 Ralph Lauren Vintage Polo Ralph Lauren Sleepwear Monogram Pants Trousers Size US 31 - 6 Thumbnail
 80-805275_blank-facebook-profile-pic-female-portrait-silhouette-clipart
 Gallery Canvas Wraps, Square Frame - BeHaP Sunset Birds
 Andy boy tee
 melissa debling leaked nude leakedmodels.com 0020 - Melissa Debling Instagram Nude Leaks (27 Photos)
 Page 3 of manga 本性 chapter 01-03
□ □ □ □
* **WHAT IS BEING ASKED**: Write out exactly each line of the entries, starting at the one containing "Gallery Canvas Wraps, Square" and finishing with the last line.

* **RESULT OF THIS TASK**:
 Gallery Canvas Wraps, Square Frame - BeHaP Sunset Birds
 Andy boy tee
 melissa debling leaked nude leakedmodels.com 0020 - Melissa Debling Instagram Nude Leaks (27 Photos)
 Page 3 of manga 本性 chapter 01-03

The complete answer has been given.